* Brief: Begin your copy at the line with "Tekno Denmark 828" in the records below and end it at the line with "La nueva serie", restating each line word for word; omit the pictures.

* Data supplied:
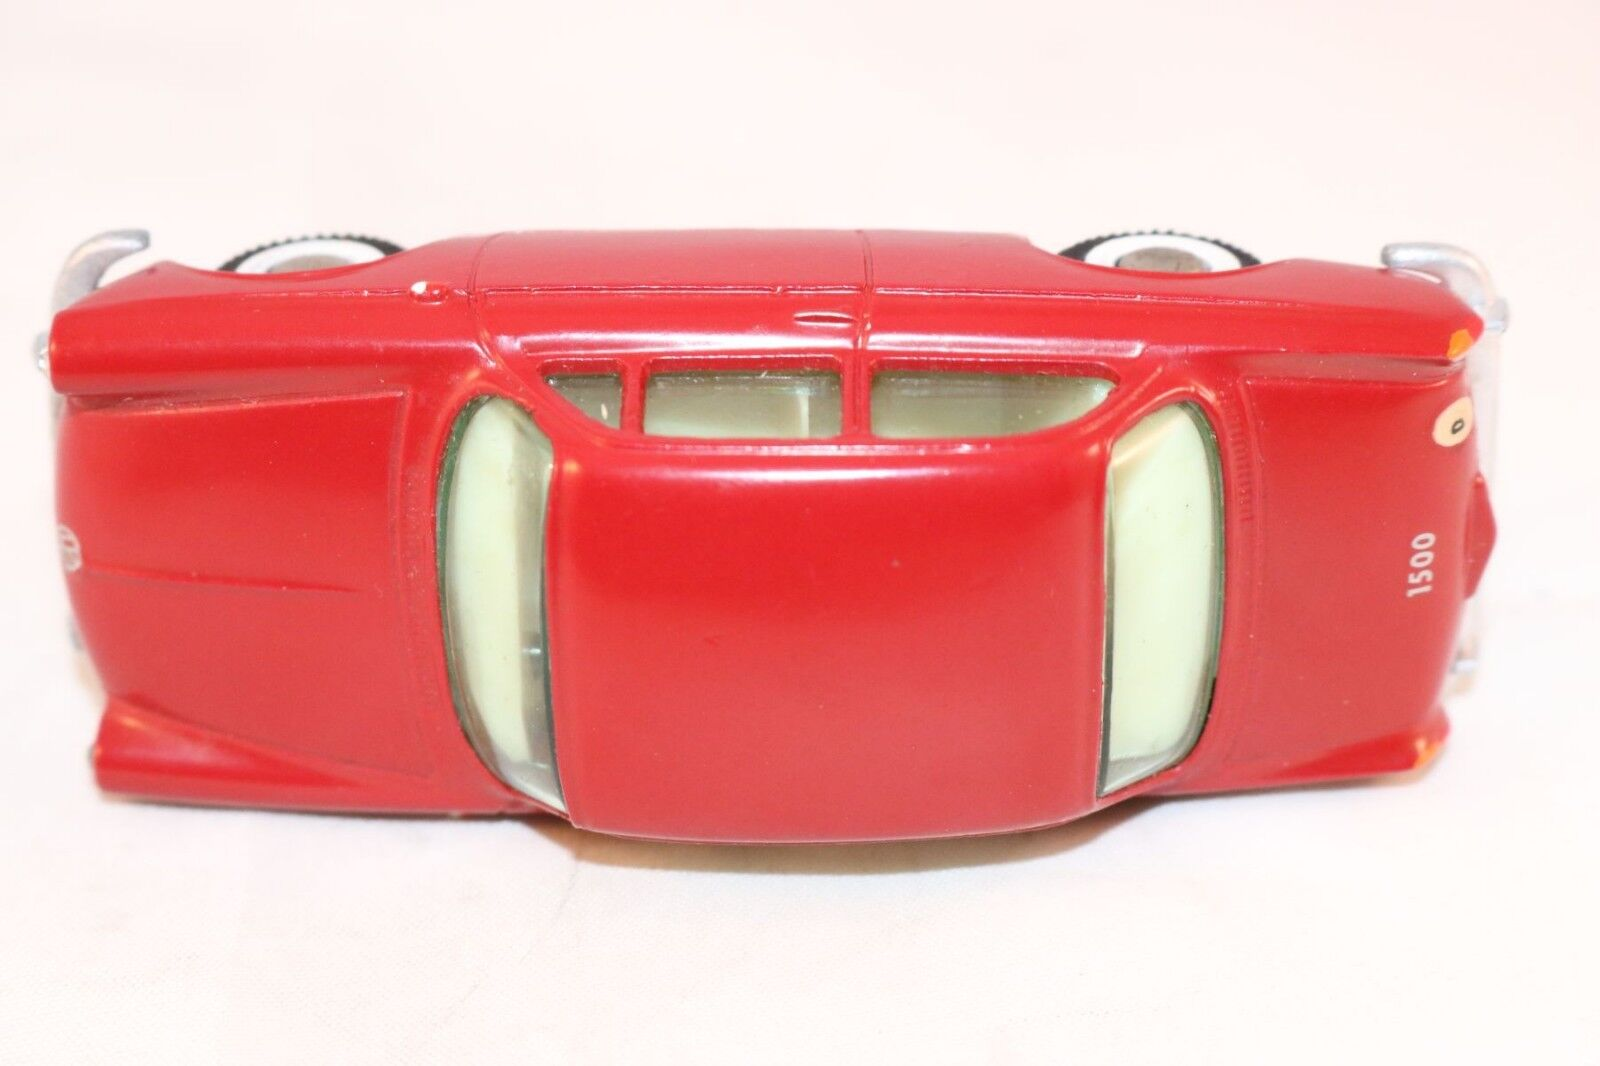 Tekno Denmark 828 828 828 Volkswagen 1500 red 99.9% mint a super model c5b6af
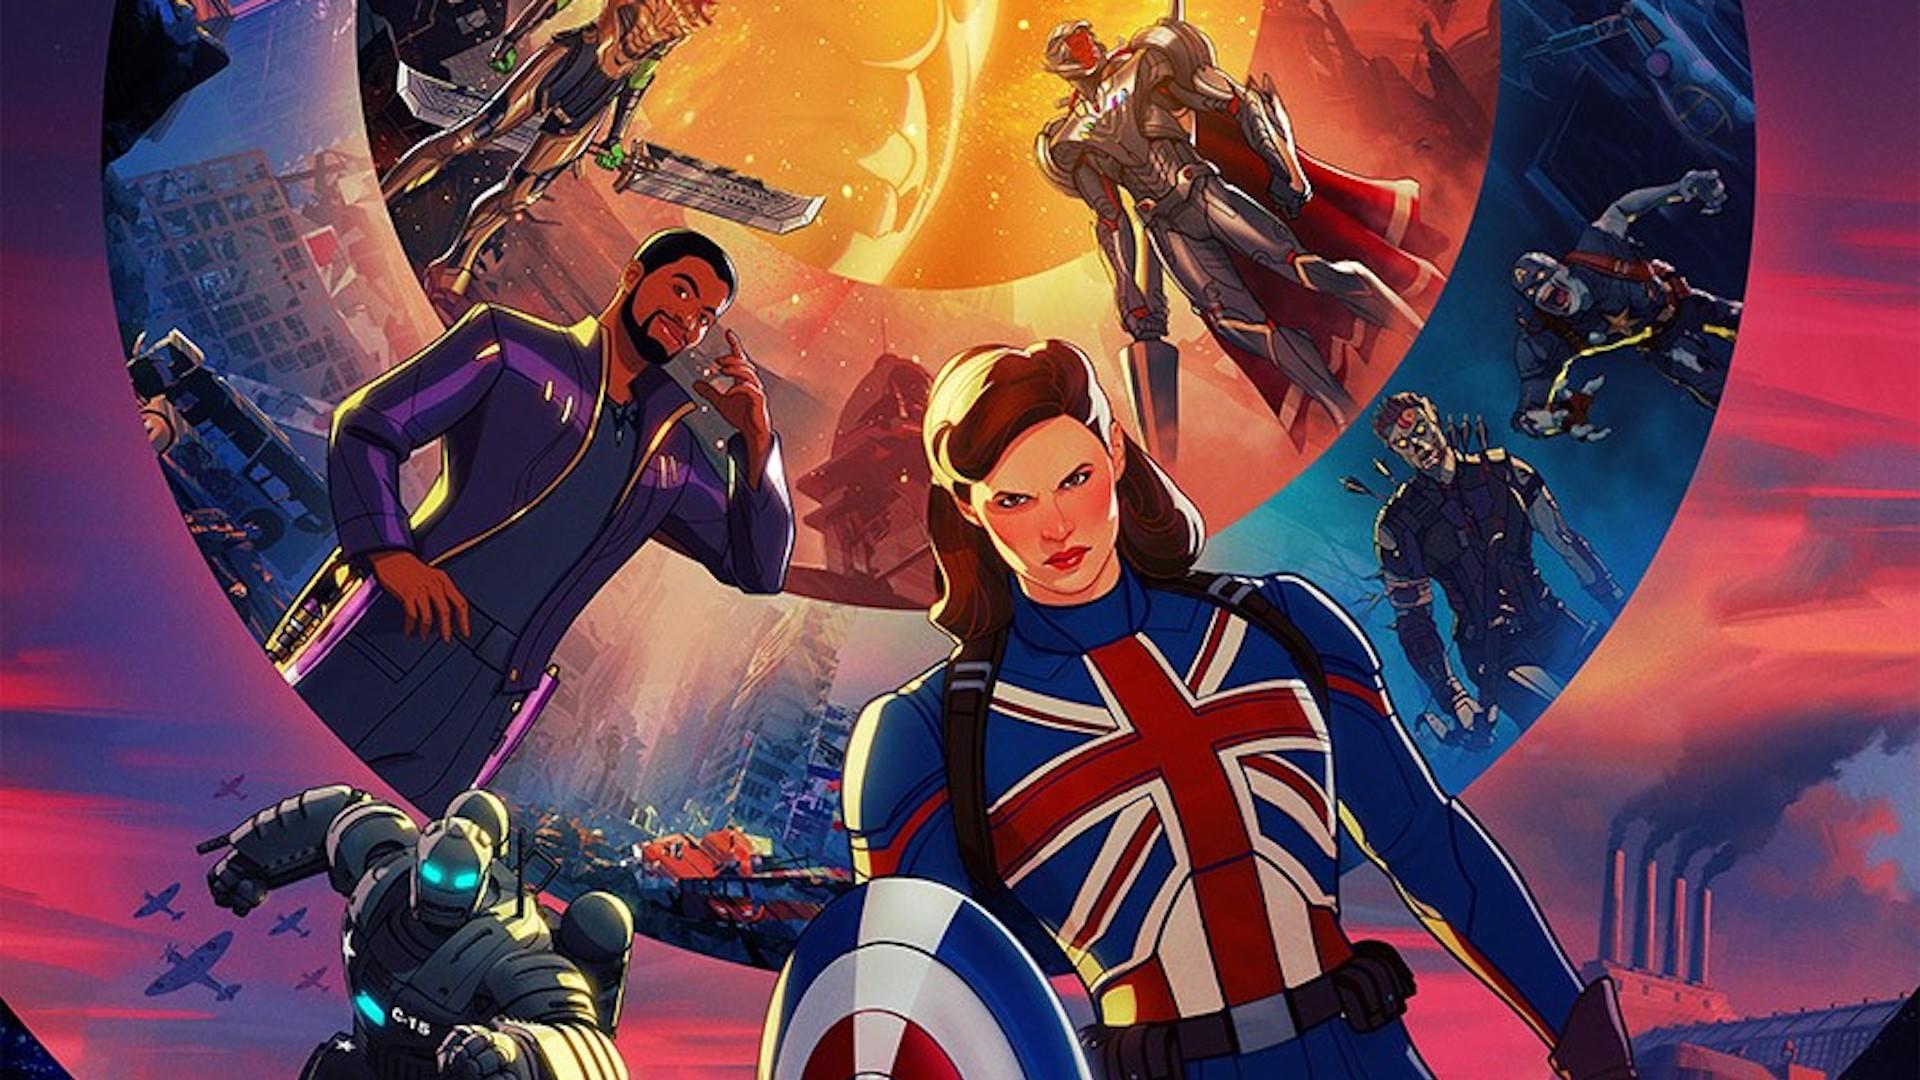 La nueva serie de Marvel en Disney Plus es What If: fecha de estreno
* * *
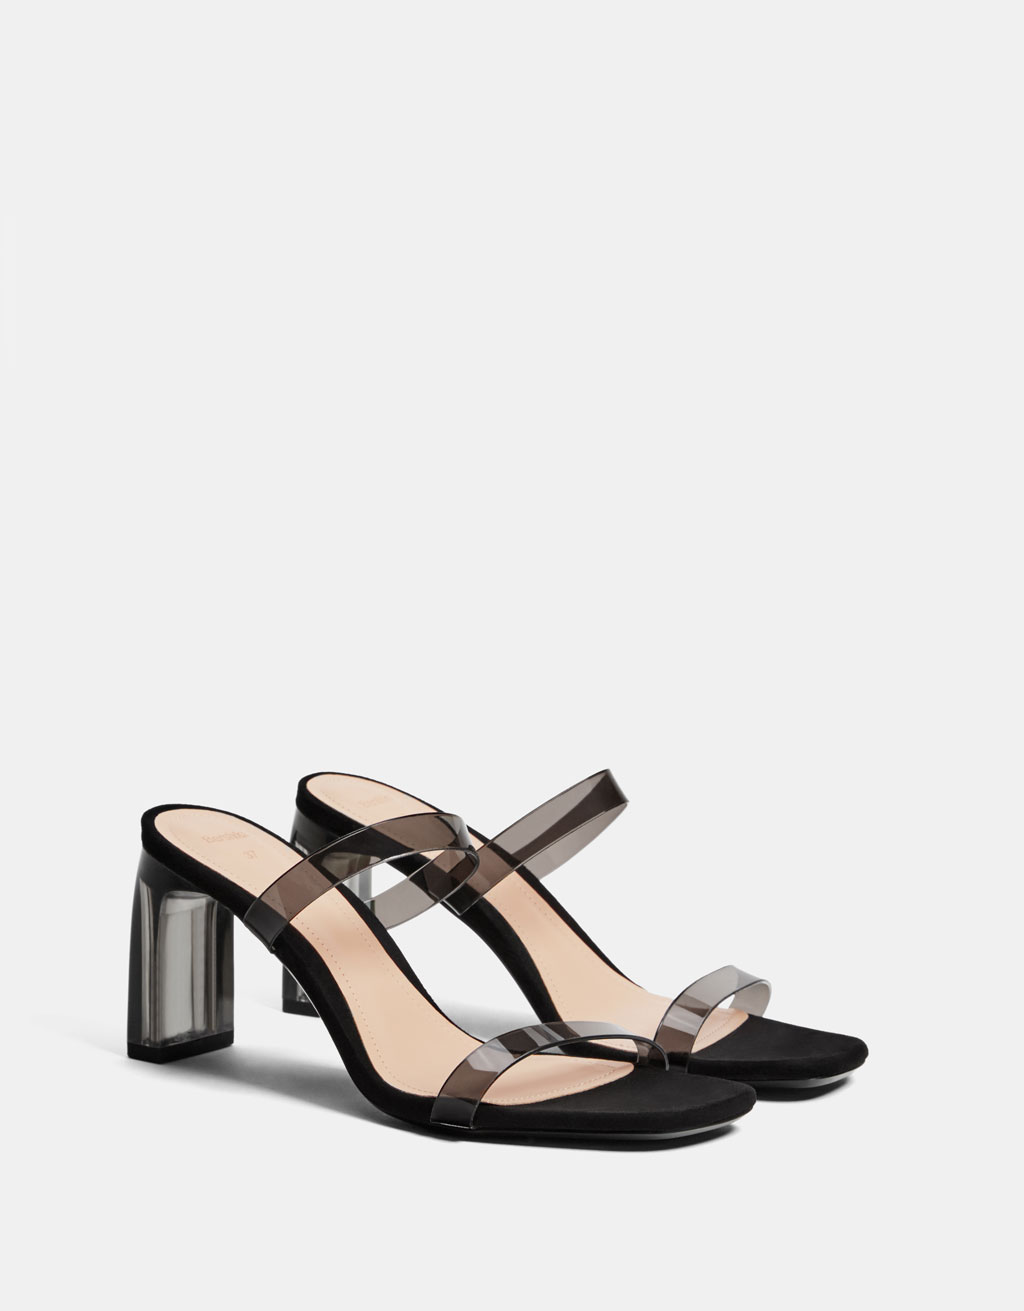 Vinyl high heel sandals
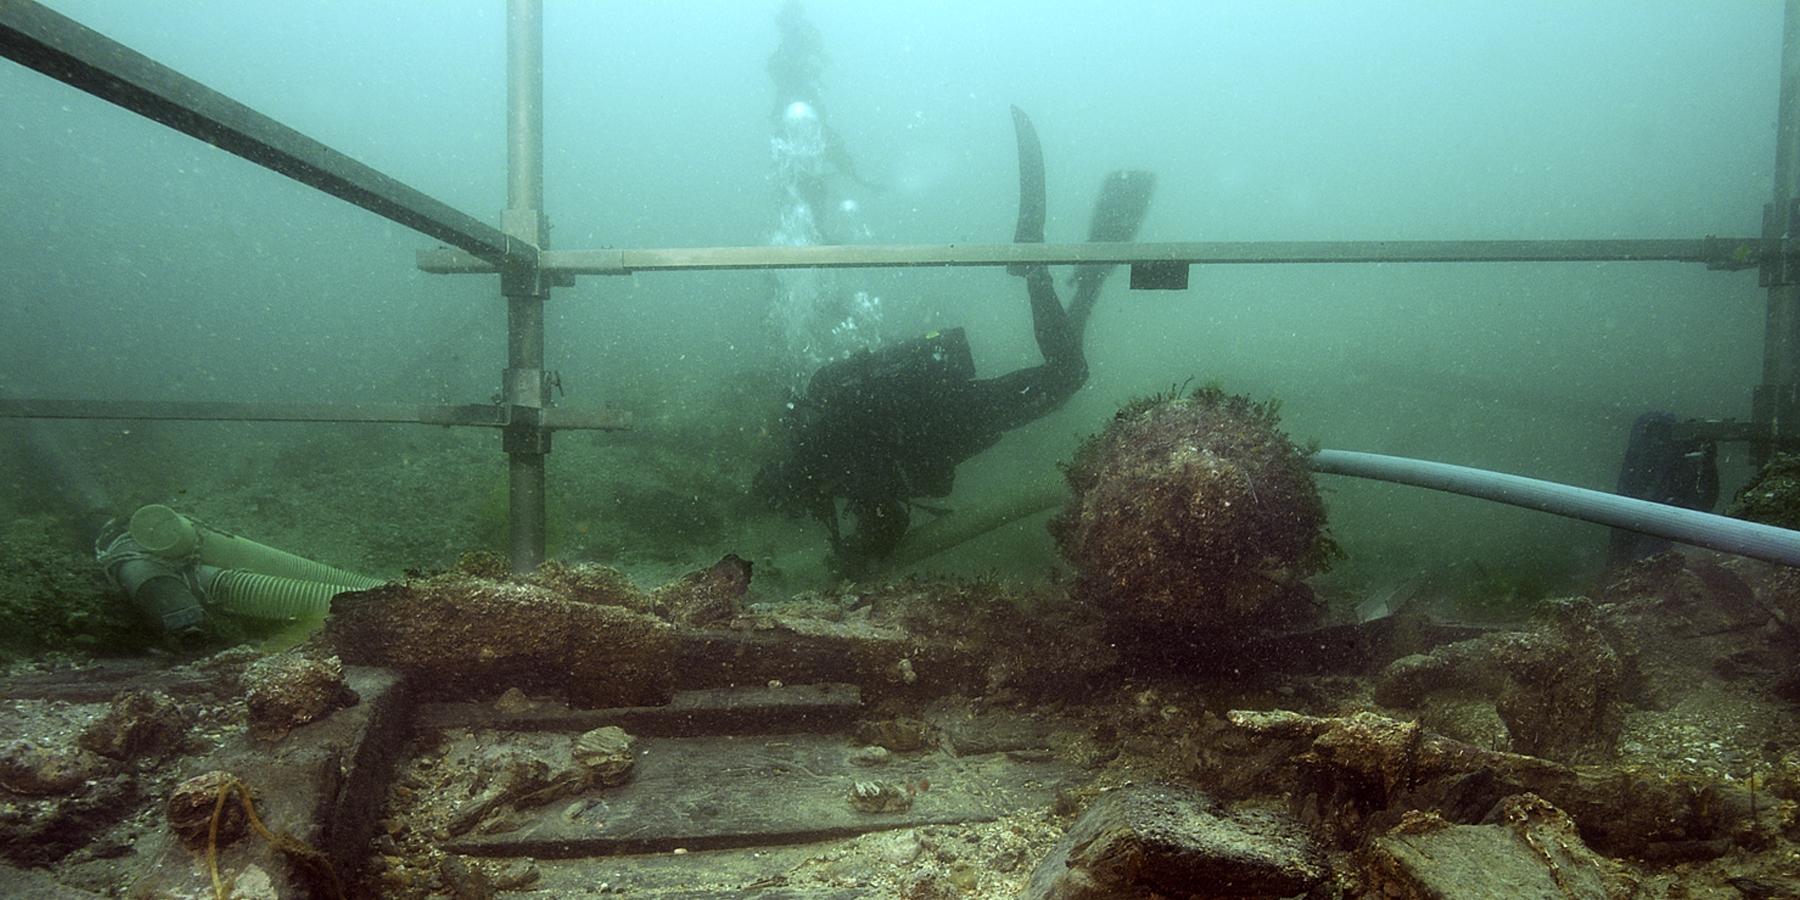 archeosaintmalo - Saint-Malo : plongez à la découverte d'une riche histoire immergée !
...
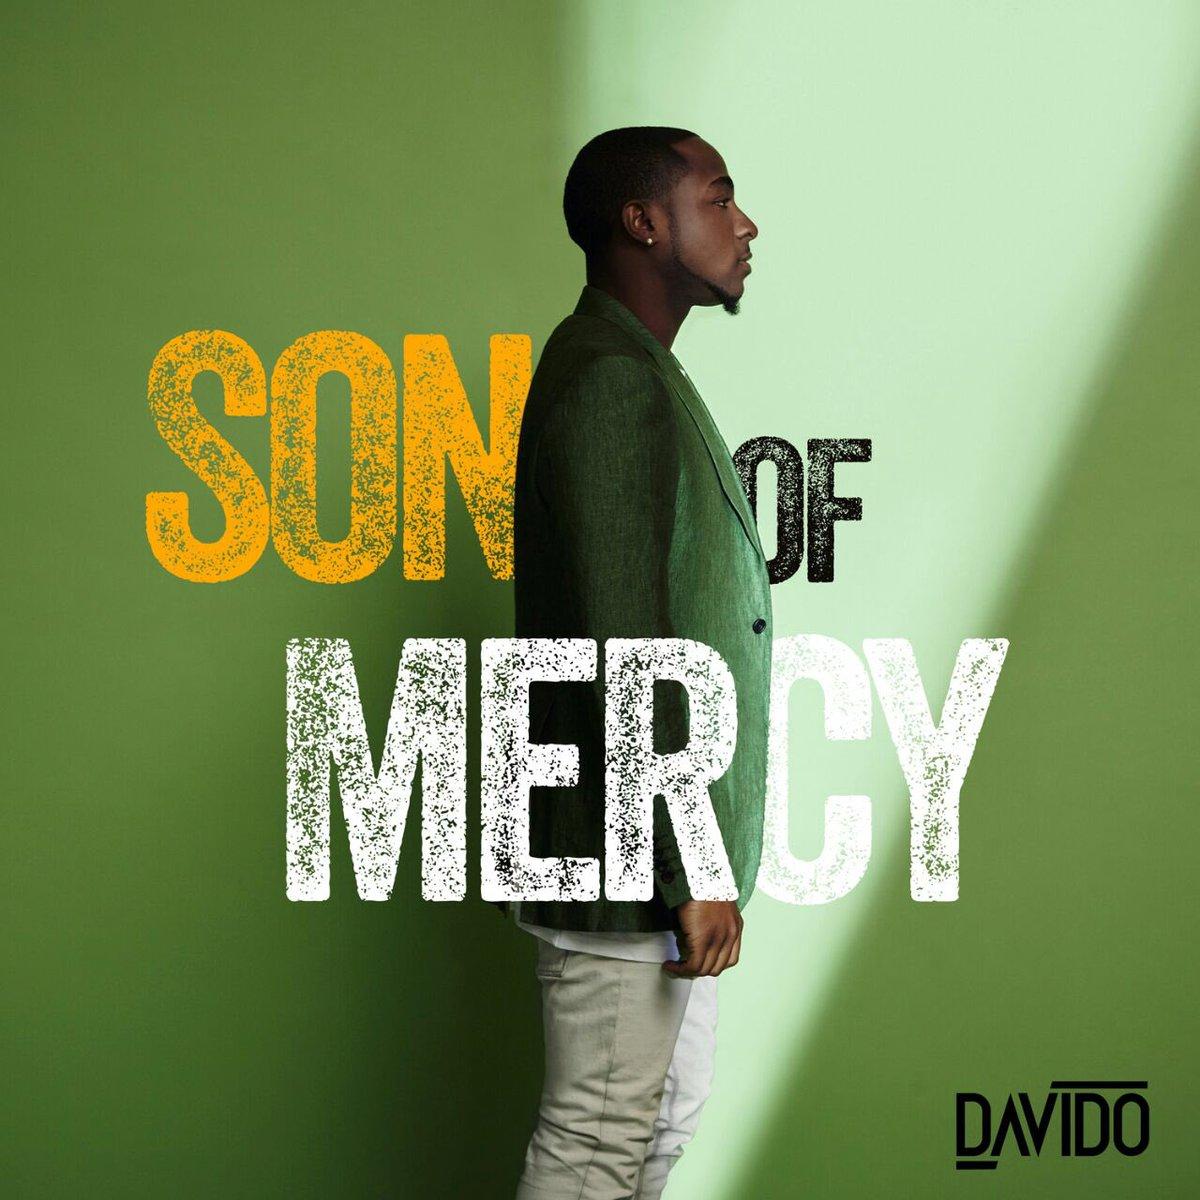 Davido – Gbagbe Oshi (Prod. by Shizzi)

* Output of the exercise:
 Tekno Denmark 828 828 828 Volkswagen 1500 red 99.9% mint a super model c5b6af
 La nueva serie de Marvel en Disney Plus es What If: fecha de estreno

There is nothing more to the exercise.